# When an object crosses a black hole event horizon, does the entire object cross the event horizon "all at once?"

This is a follow-up question based on some discussions in one of my other questions posted here.

Imagine a standard Schwarzschild black hole of sufficiently large size so that tidal forces are negligible at the event horizon. The question is, when a spatially extended object enters the black hole, does the event horizon surface sweep past the object or do all parts of the object fall into the black hole at the same instant?

In one of the answers, Dale says,

The event horizon is a lightlike surface. In a local inertial frame it moves outward at c. So while it is true that there is an antipodal piece going the other way it doesn’t matter. The antipodal piece is going slower than c in the local inertial frame. So the horizon is going faster and the antipodal piece cannot possibly cross back through the horizon.

However, in the comments of my question, safesphere says,

The flaw in your question is assuming that things cross the horizon gradually. For example, if you fall feet forward, you assume your feet cross the horizon before your head. This is incorrect. This thinking follows the intuition based on the flat spacetime. The horizon is not a place, it is not spacelike, but lightlike. This means that your head and your feet cross at the same instant. The entire flywheel, no matter how large, crosses the horizon all at once. There is no “front” or “back” when you cross.
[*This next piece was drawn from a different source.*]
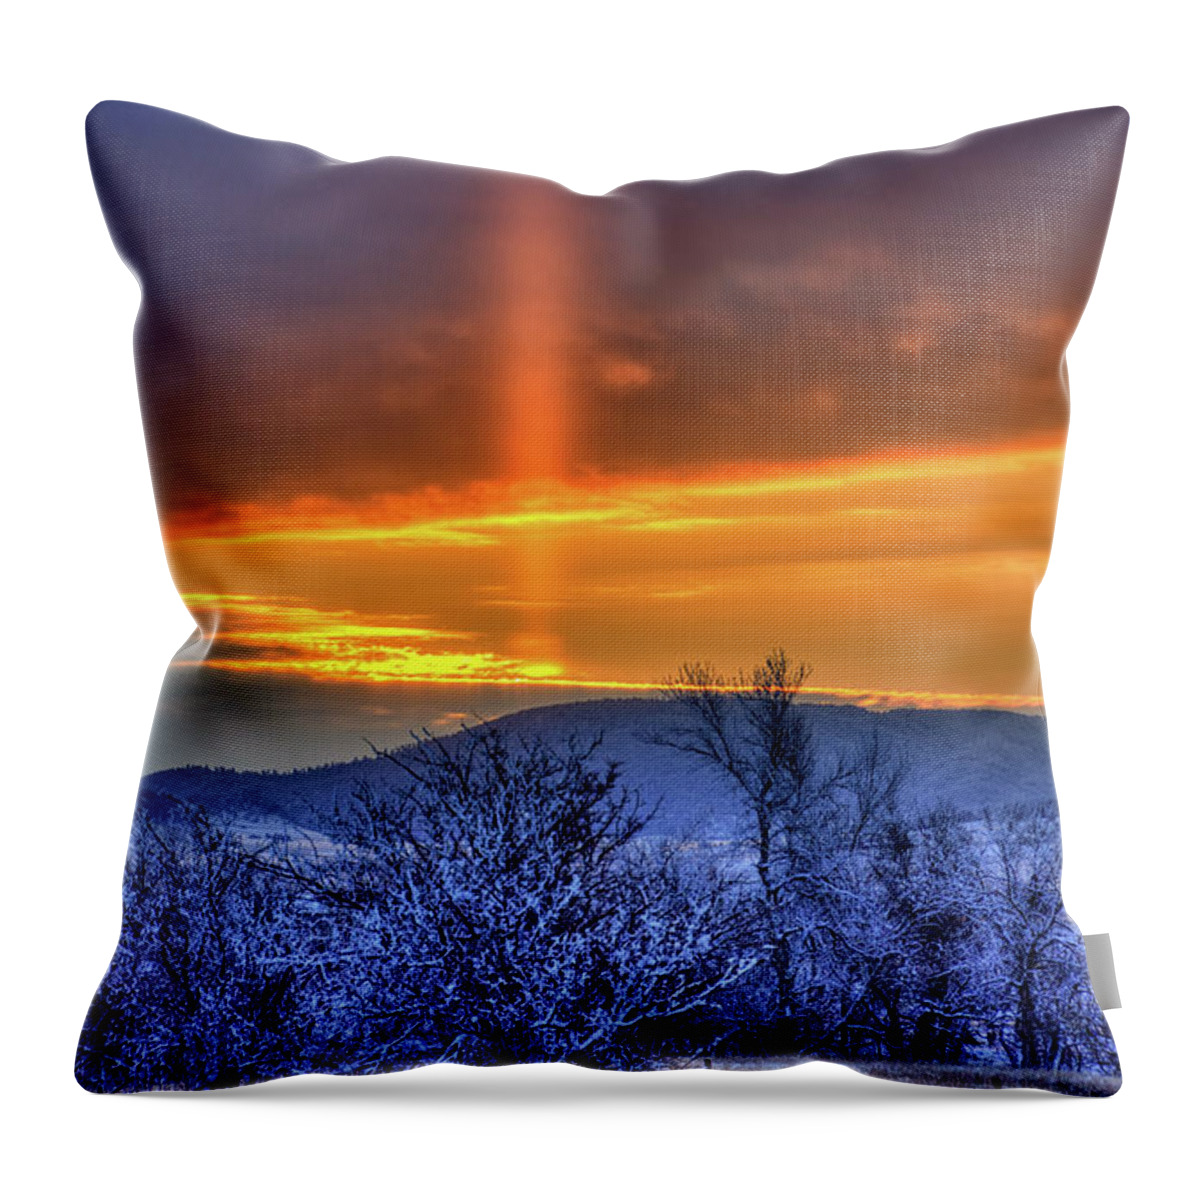 Sun Throw Pillow featuring the photograph Country Winter Sun Pillar by Fiskr Larsen
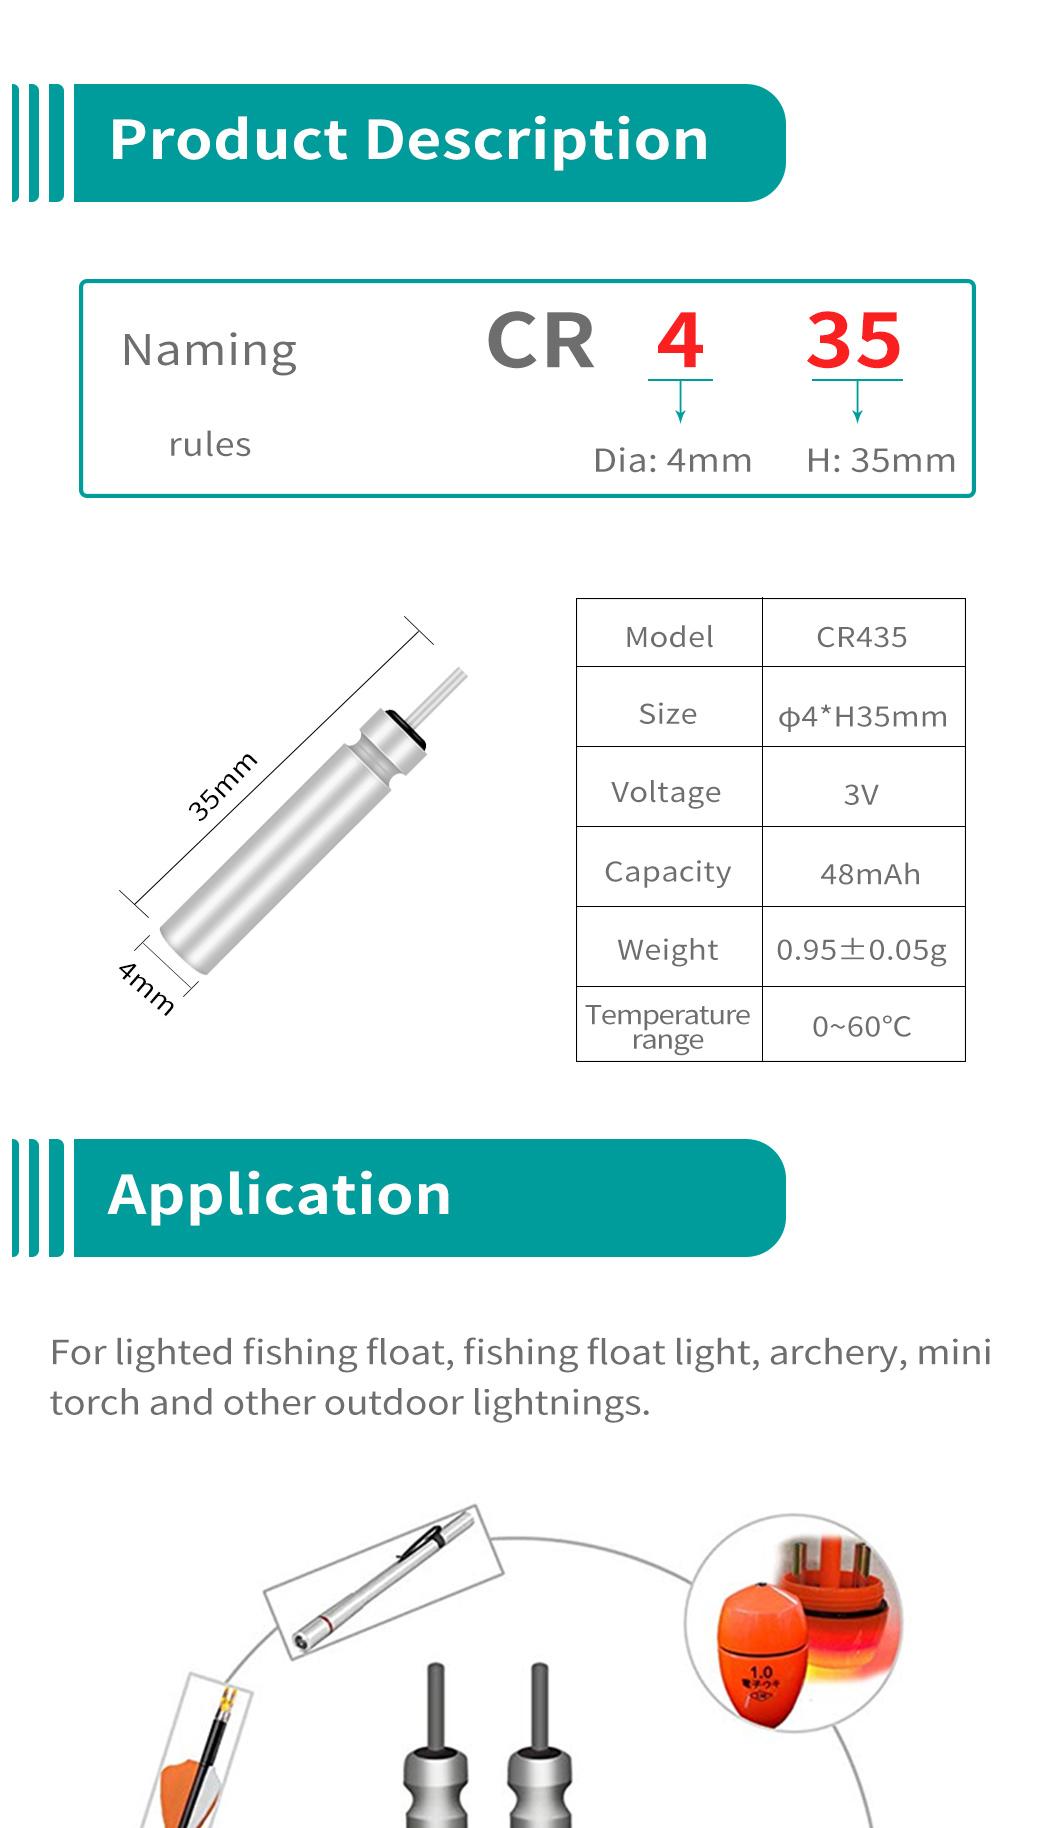 Dlyfull 3V Cr435 Pin Type Battery for Night Fishing Waterproof Battery

There is no direction in space pointing “back” to the horizon from the inside.

[...]

See Kevin Brown: “One common question is whether a man falling (feet first) through an even horizon of a black hole would see his feet pass through the event horizon below him. As should be apparent from the schematics above, this kind of question is based on a misunderstanding. Everything that falls into a black hole falls in at the same local time, although spatially separated, just as everything in our city is going to enter tomorrow at the same time.” - Falling Into and Hovering Near A Black Hole

Perhaps the best description is as follows, because it is both intuitive and coordinate independent. Consider two objects falling along the same radius one after the other. Consider the events of these objects crossing the same given radius. These events are timelike separated outside, spacelike separated inside, and lightlike separated at the horizon. So the spacetime interval between the events of two sides of your flywheel crossing the horizon is zero (or “null” as it is commonly called) in any coordinate system.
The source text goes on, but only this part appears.